What is wanted is every line below from the one with "2eee831db4e5b Мужская рубашка" up to and including the one with "CellPath Toasts MediLink Awards Success", retyped exactly, pictures excluded, nothing else.

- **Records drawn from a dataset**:
***

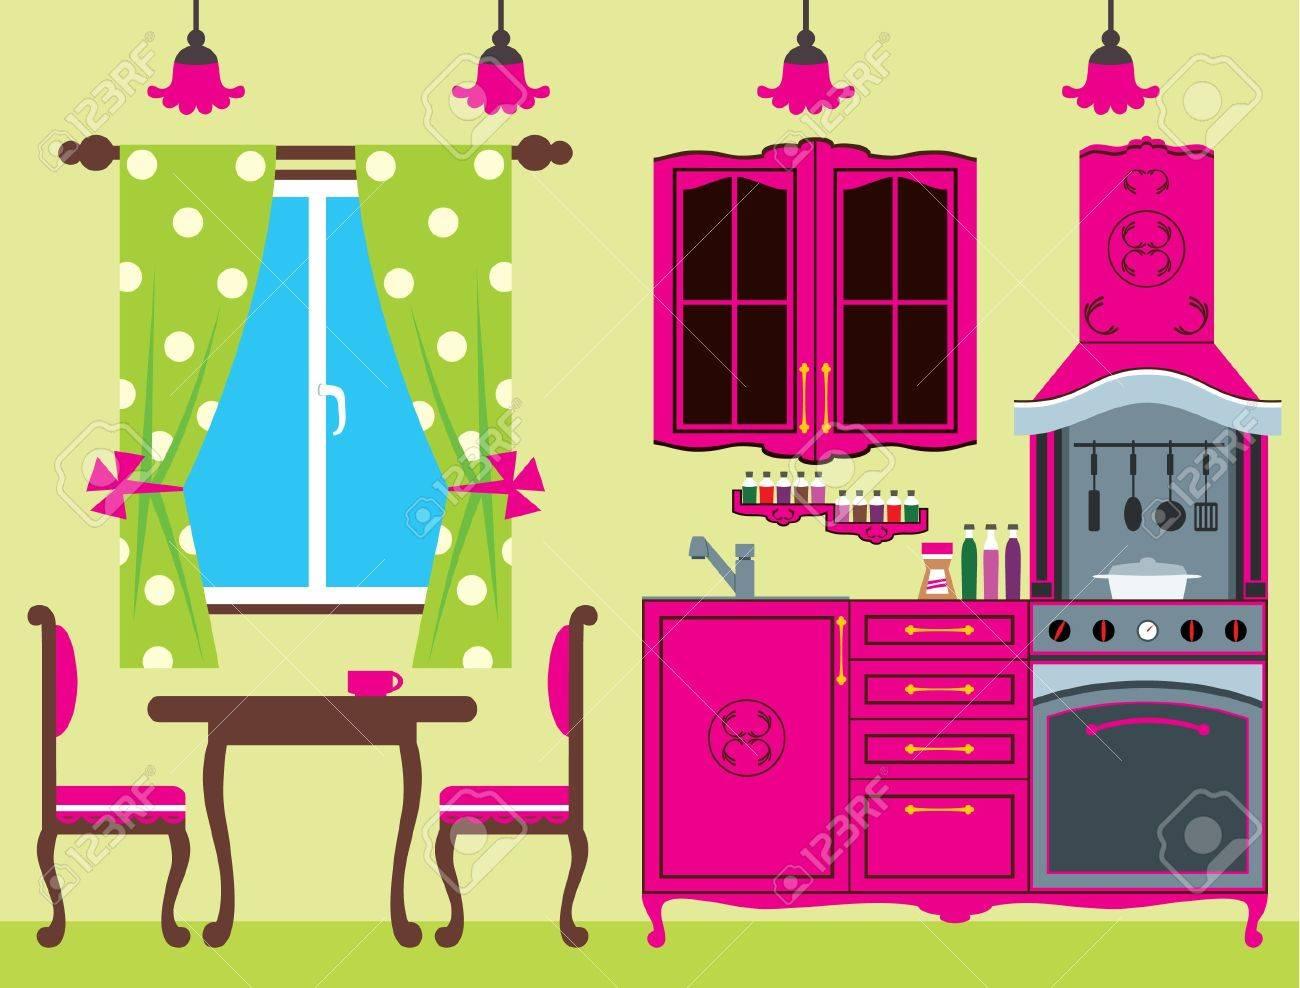 Kitchen furniture  Interior Stock Vector - 14446562
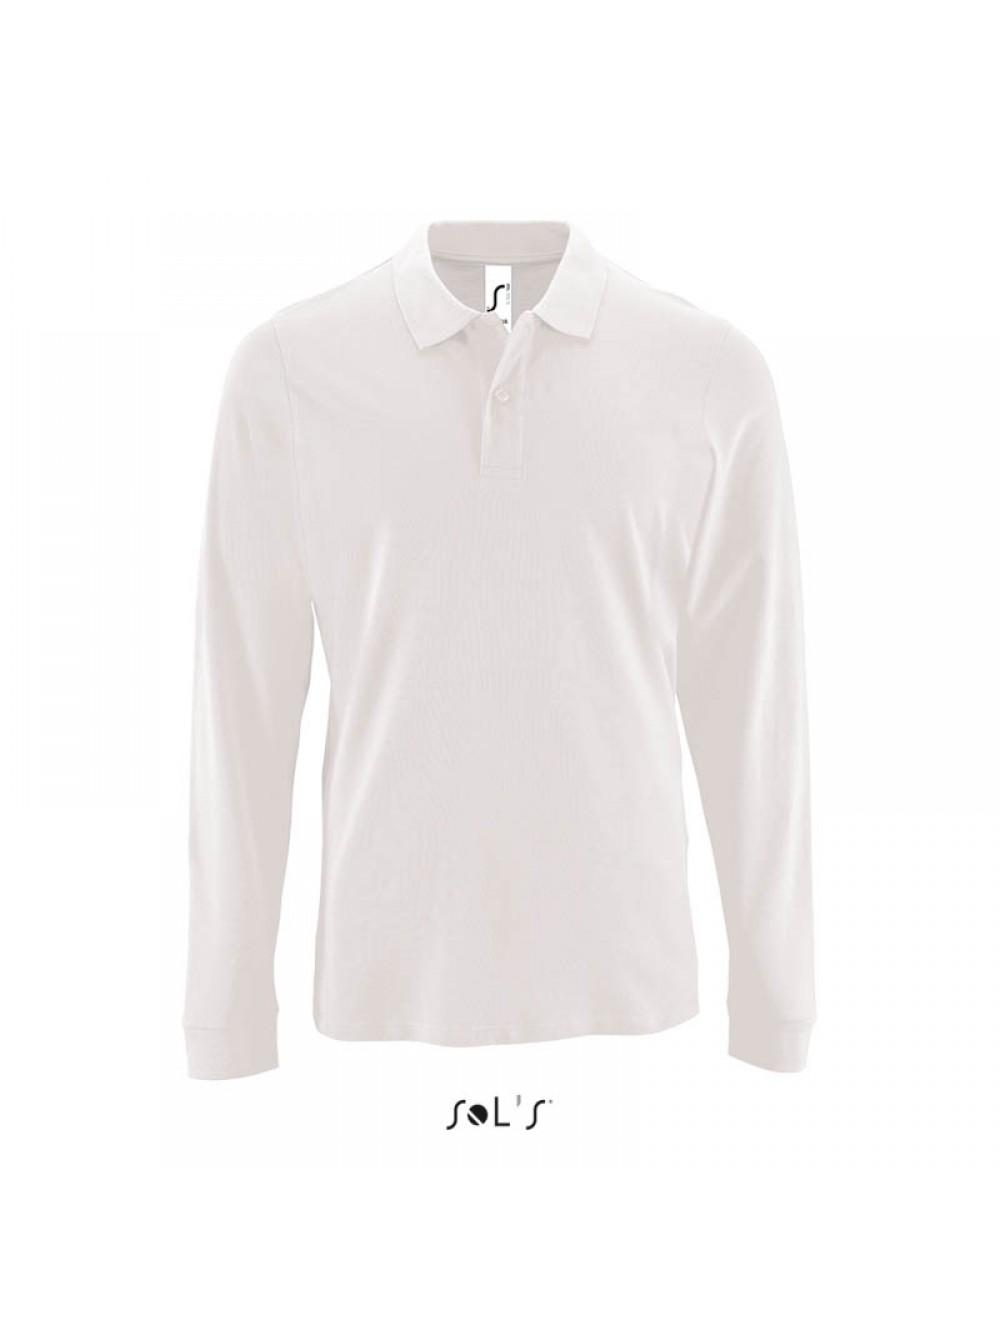 2eee831db4e5b Мужская рубашка поло с длинным рукавом PERFECT LSL MEN. Артикул 02087
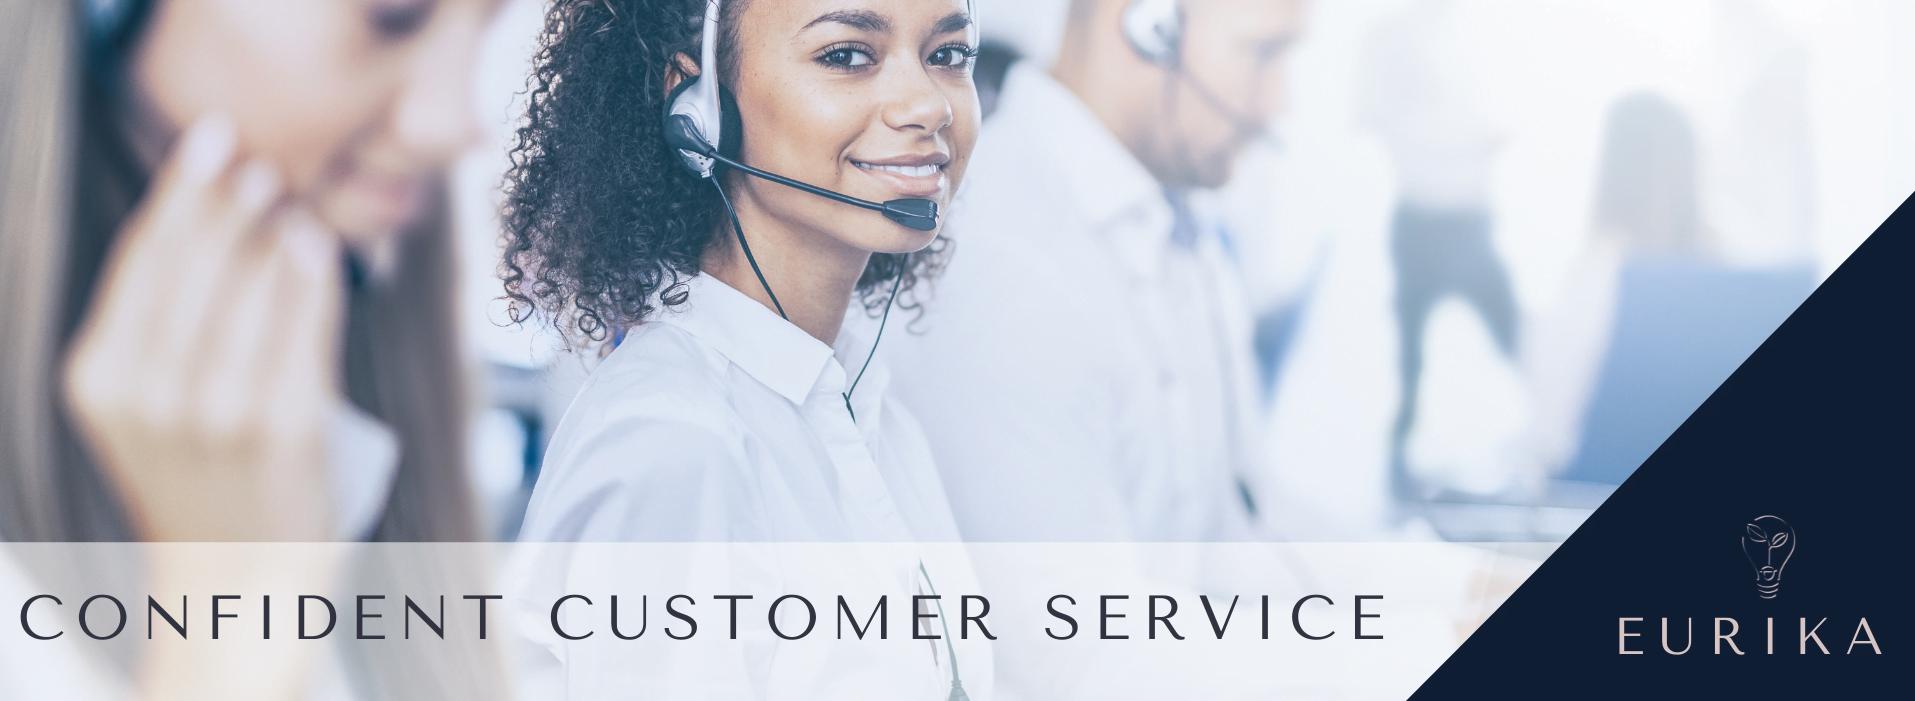 Confident customer service course outline eurika northamptonshire, buckinghamshire, london, warwickshire, leicestershire
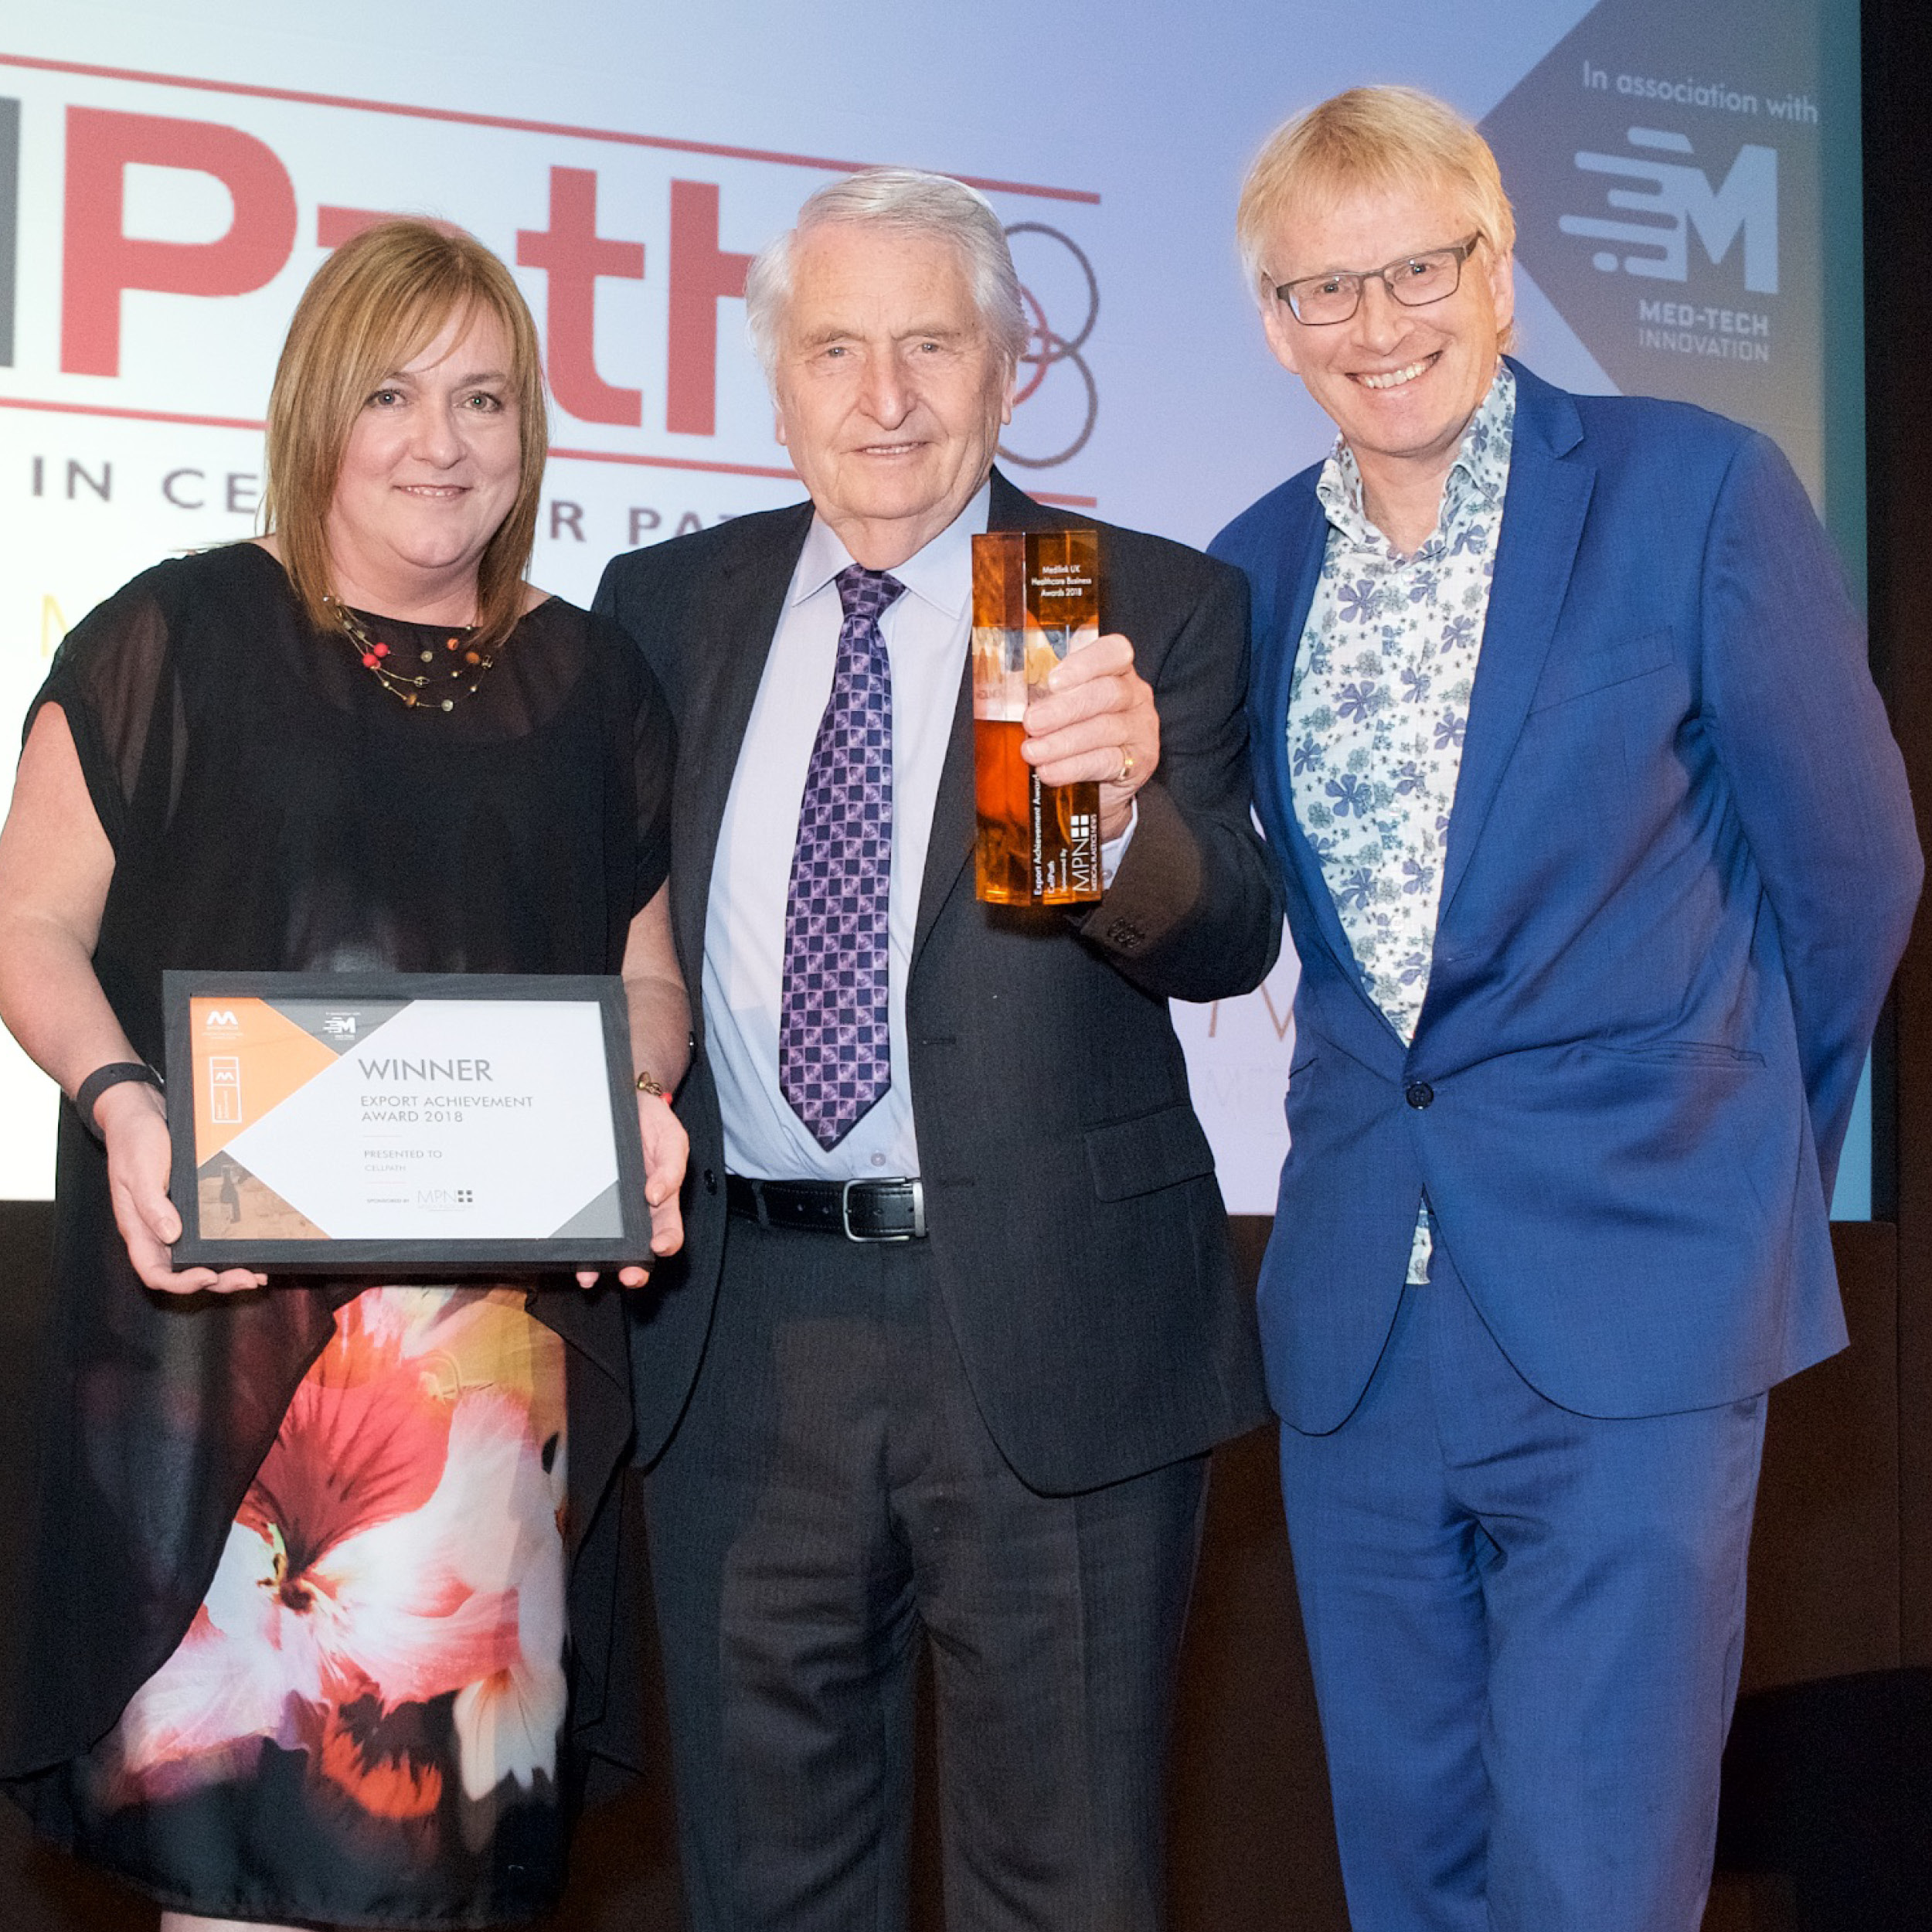 CellPath Toasts MediLink Awards Success
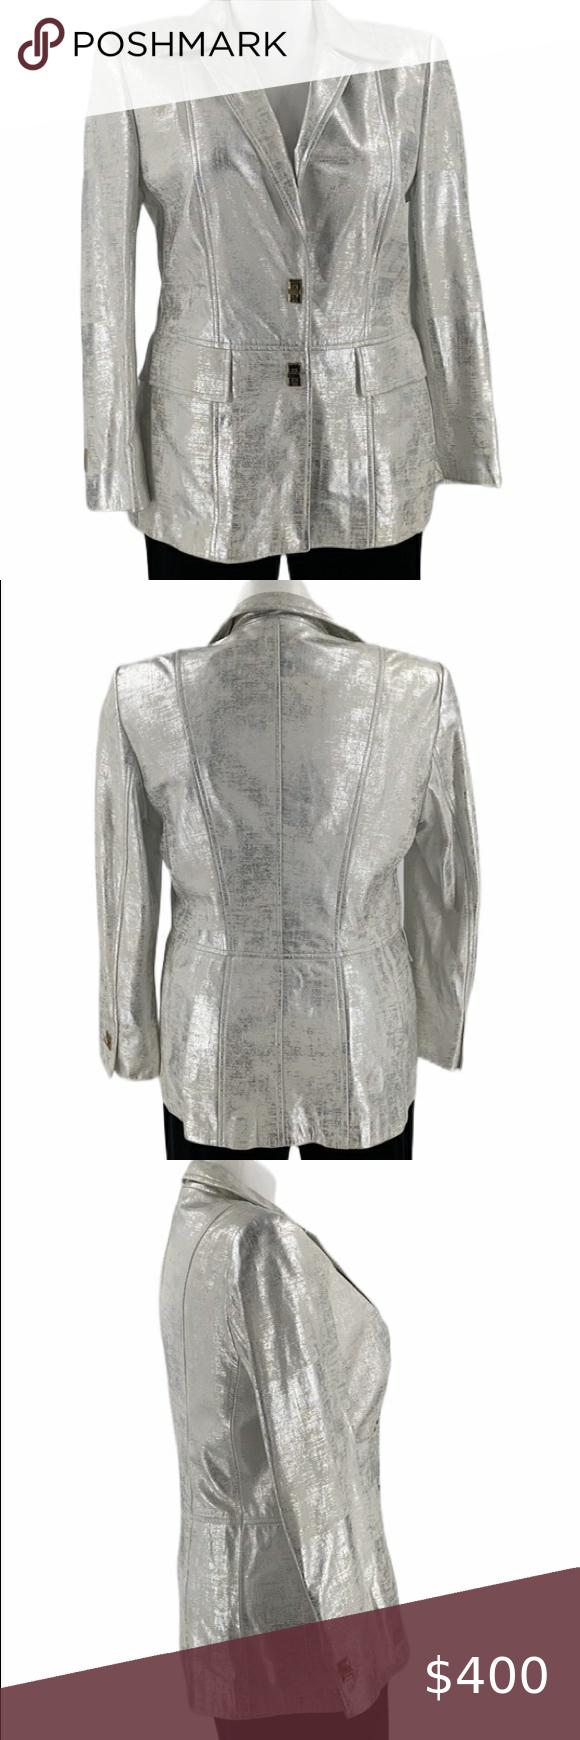 Escada Leather Silver Shiny Jacket Blazer Top X L Escada Leather Jacket Soft And Supple And Lined Signs Of Wea Shiny Jacket Lamb Leather Jacket Leather Jacket [ 1740 x 580 Pixel ]

***

- **SOLUTION**:
 2eee831db4e5b Мужская рубашка поло с длинным рукавом PERFECT LSL MEN. Артикул 02087
 Confident customer service course outline eurika northamptonshire, buckinghamshire, london, warwickshire, leicestershire
 CellPath Toasts MediLink Awards Success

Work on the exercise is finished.